Wüst currently governs in coalition with the liberals of the FDP, to whom the polls are giving a very modest result, around 7 or 8% of the vote. It is probable, therefore, that the minor partner for the next legislature will be the Greens, with double the intention to vote (16-17%), which also sends a message at the federal level. The environmentalist party is improving its results in all regional elections, in parallel to the approval ratings that its ministers are reaping in Berlin. Robert Habeck, Vice Chancellor and Minister of Economy and Climate, and Annalena Baerbock, Minister of Foreign Affairs, are according to the latest polls the most popular politicians in the country, above the chancellor. As happened with the general elections in September, the Greens will hold the key to the next government in the Rhineland.
As is often the case with German state elections, the campaign issues have mostly focused on day-to-day concerns. The CDU has promised more police, teachers and health personnel, to improve infrastructure so that all municipalities with more than 20,000 inhabitants have a good train or express bus connection and tax exemption for the installation of solar panels.
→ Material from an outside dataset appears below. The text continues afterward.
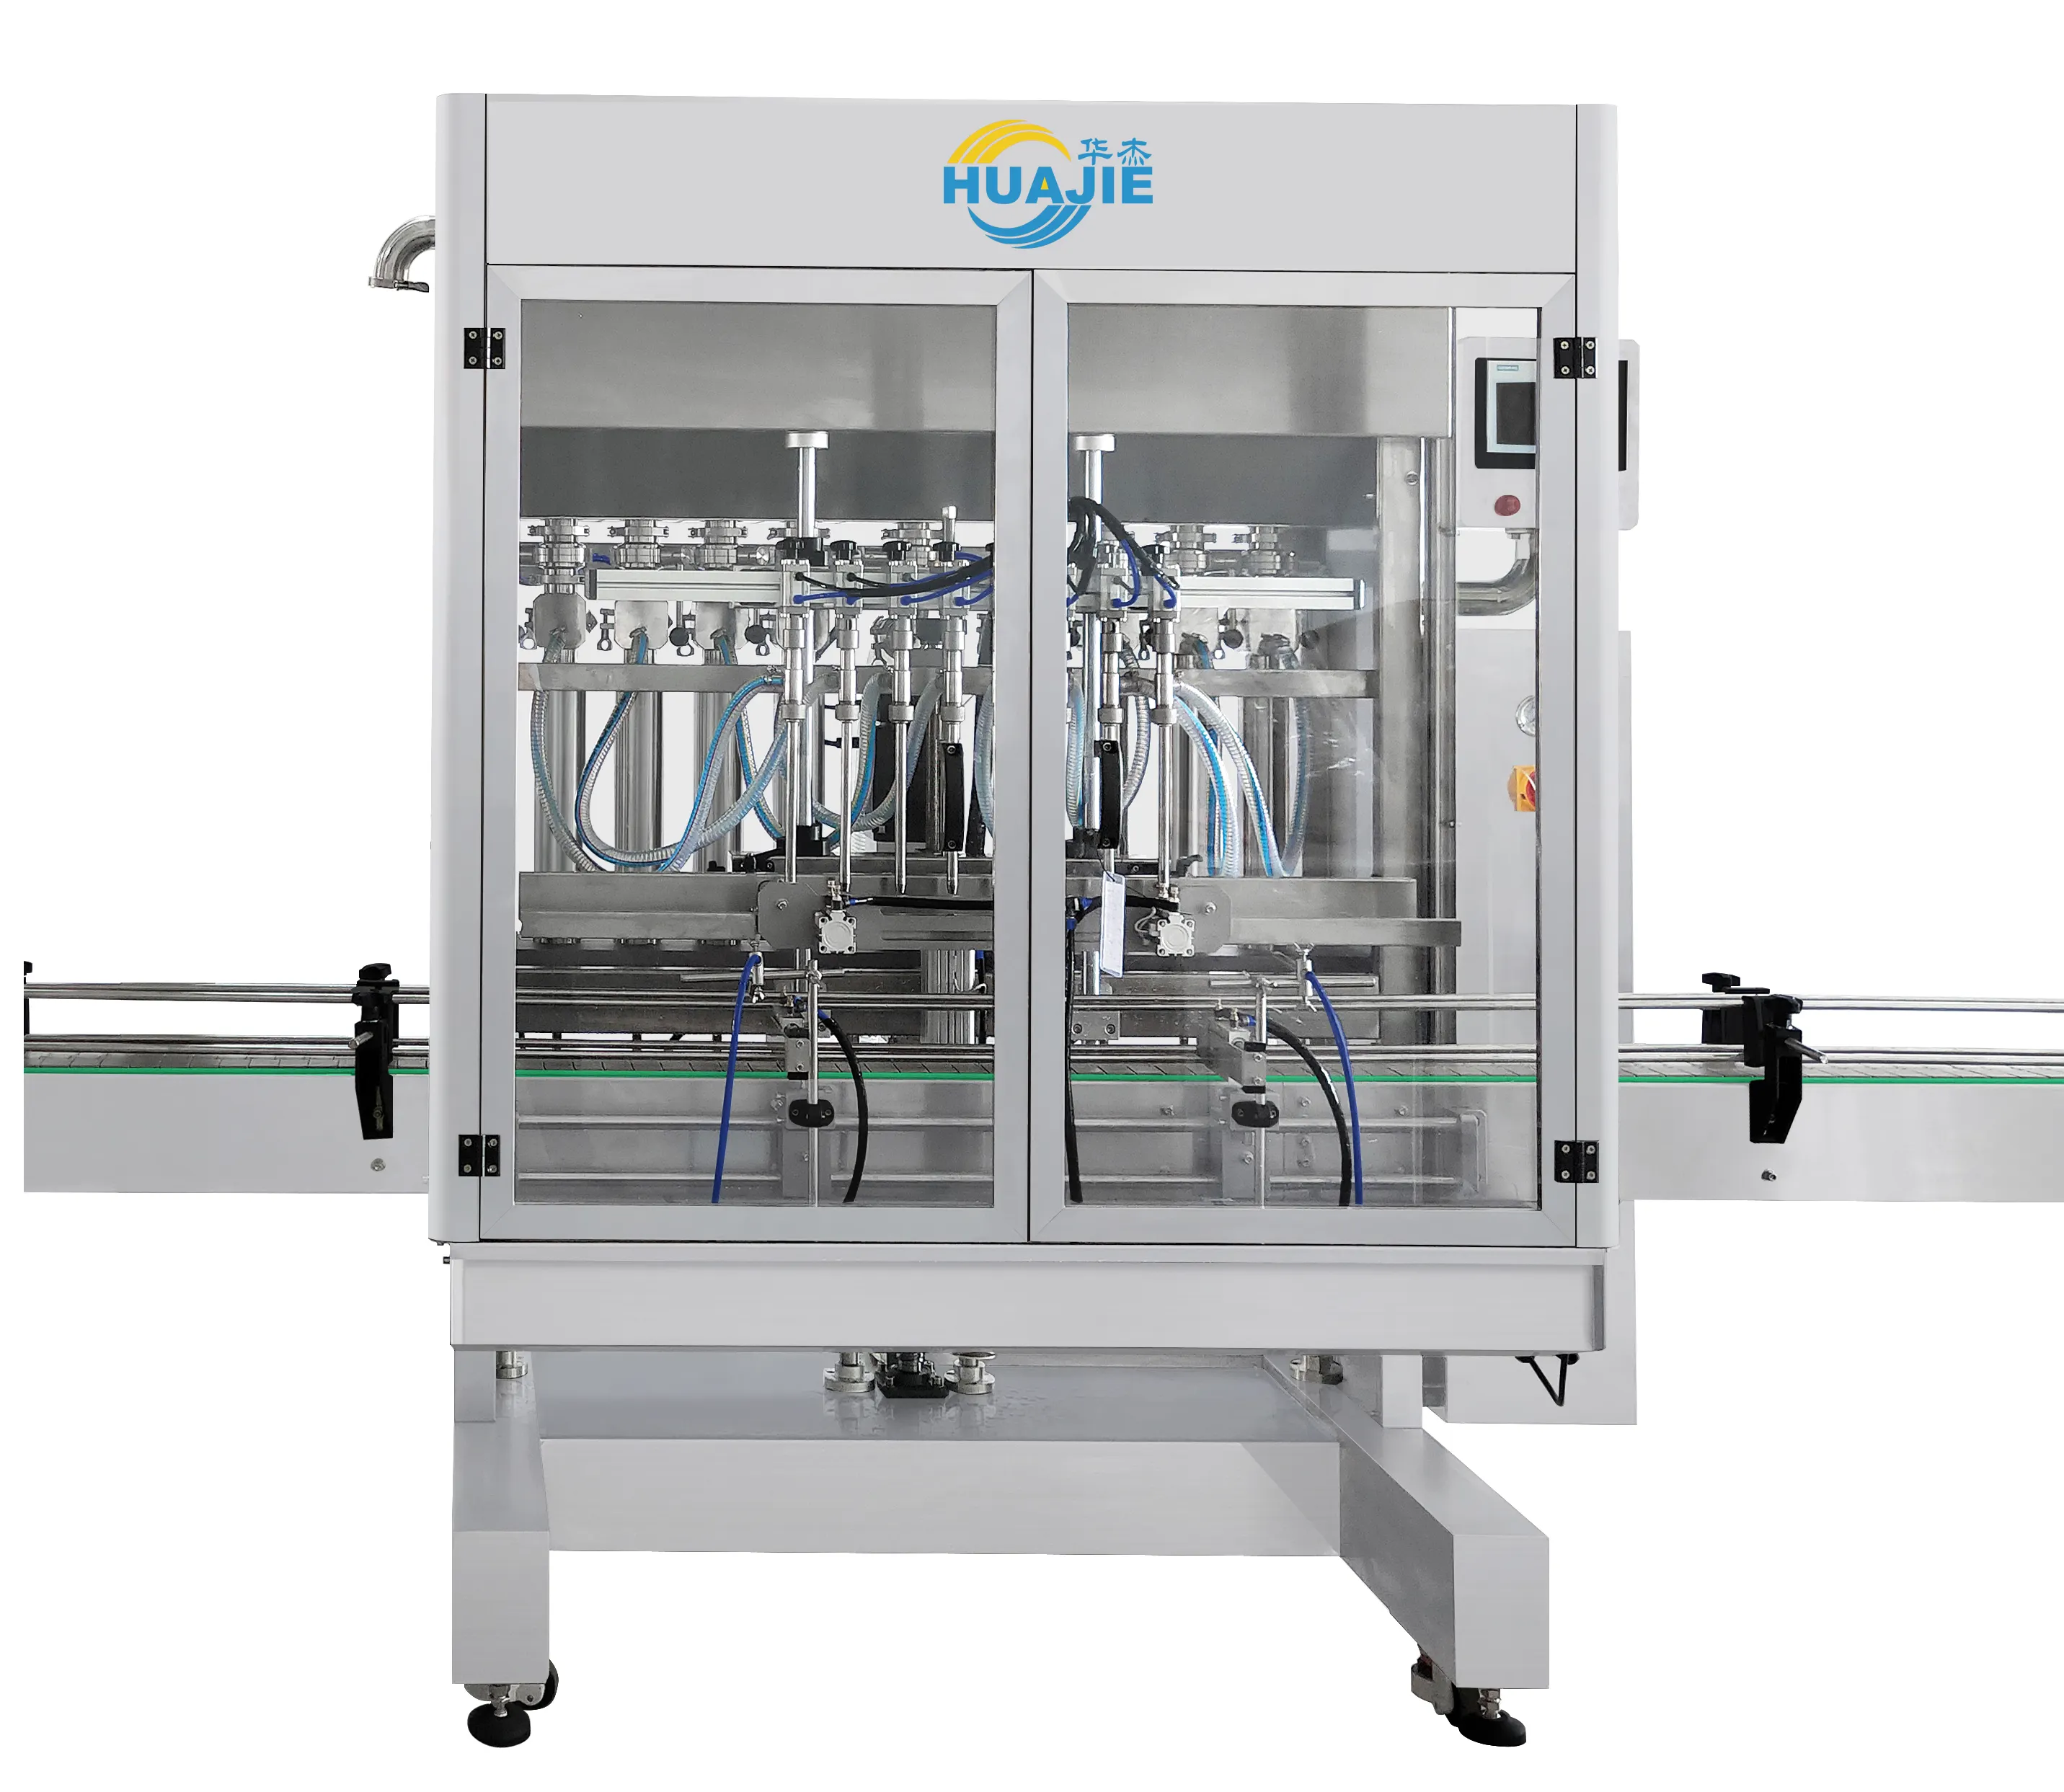 HUAJIE automatische Flaschenabfüllungsausrüstung Abfüllmaschine Abfülllinie für Öl- und Flüssigkeitsproduktion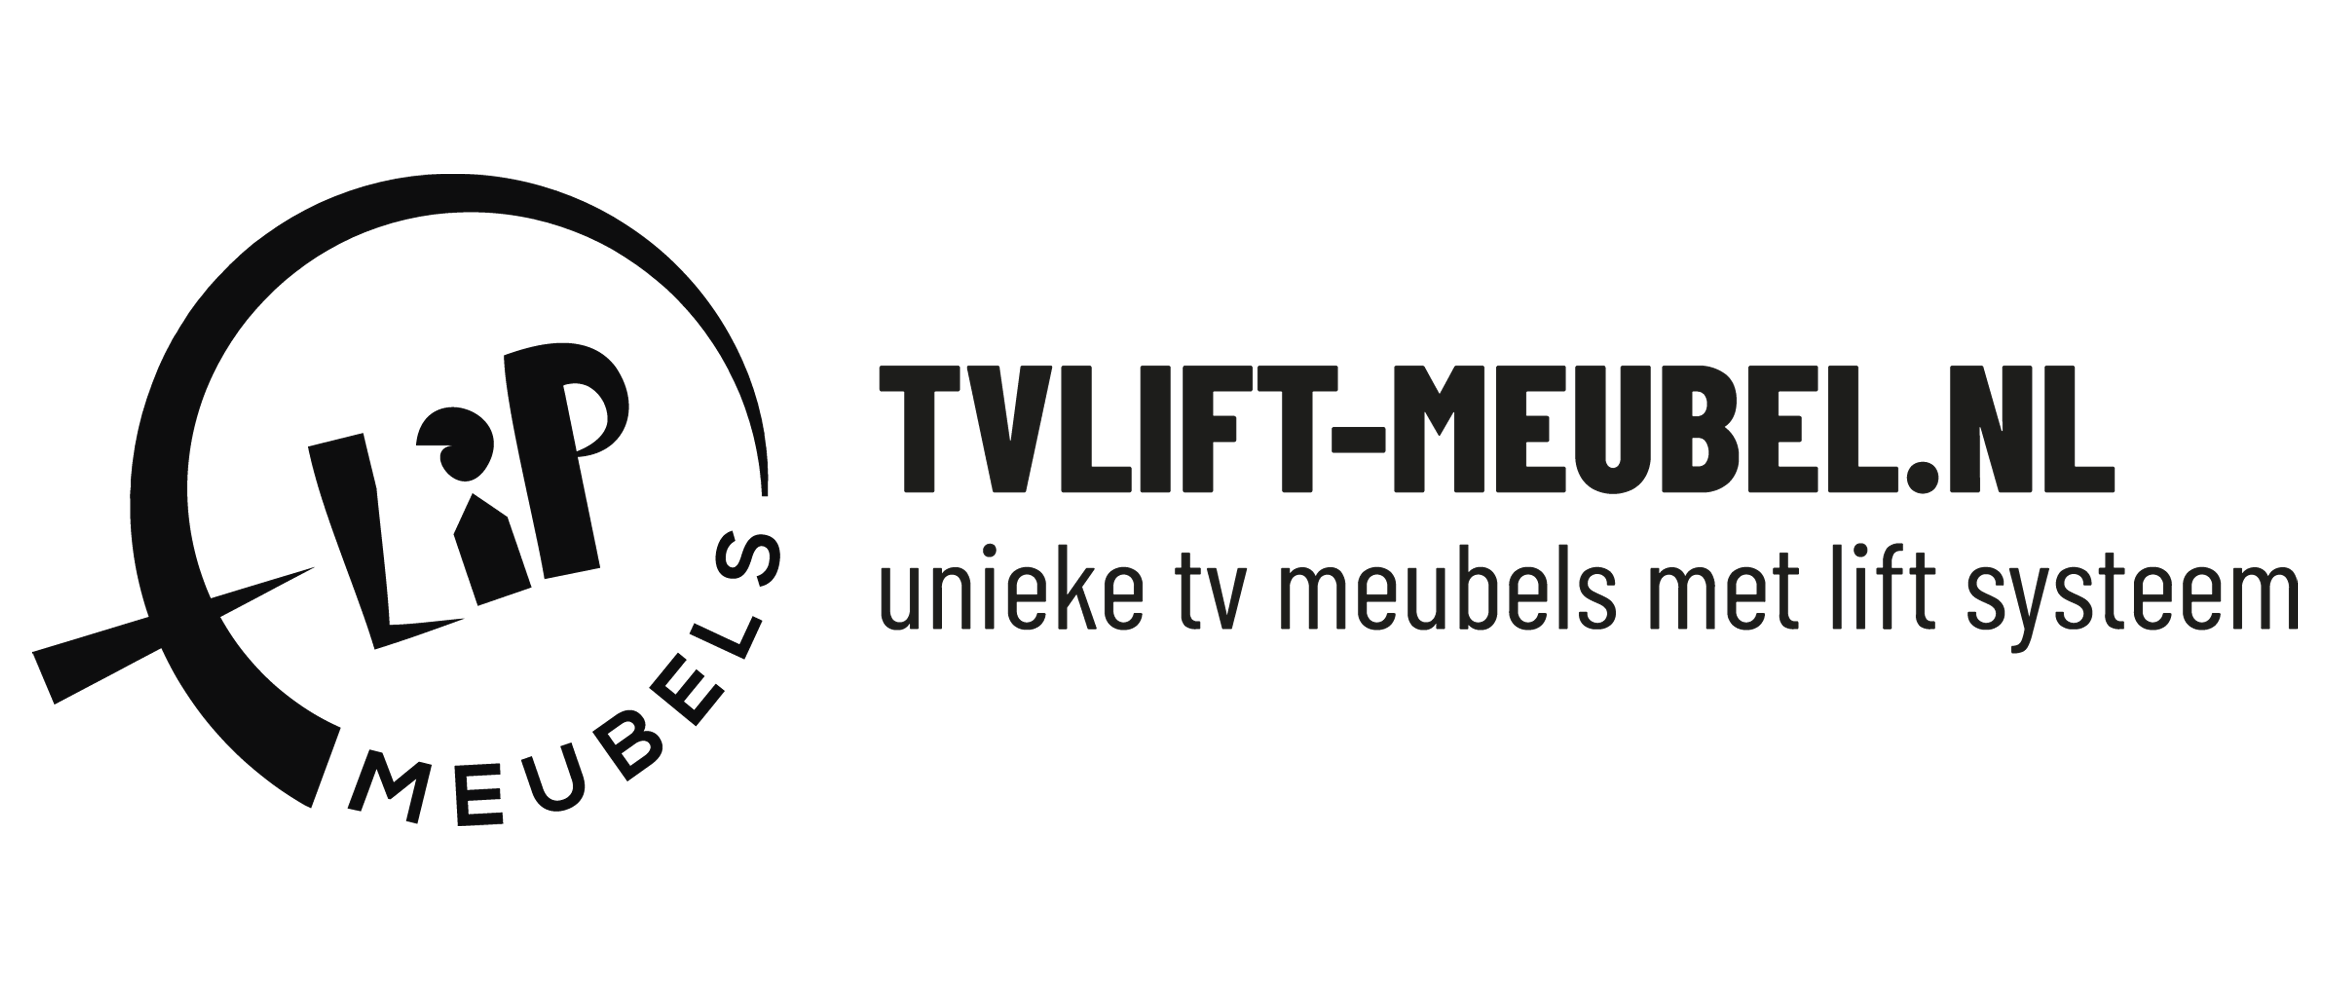 Tvlift-meubel.nl

The SPD has put the focus on jobs, affordable housing and education, insisting that the Rhineland must be climate neutral “but not de-industrialised”.
The closure of most of the coal mines in the 1980s left a trail of unemployment in the region and prompted a forced reconversion. Today the mining activity that made the Ruhr area prosperous has given way to other sectors, such as finance. If it were an independent country, this land It would be a world leader in exports, boasts the regional government on its official website. Thirty-seven of the 100 largest German companies are based in the Rhineland, including the pharmaceutical company Bayer, in Leverkusen, and Deutsche Telekom, in Bonn. The unemployment rate, however, is one of the highest in Germany, at 6.6%, when the country’s average is 5%.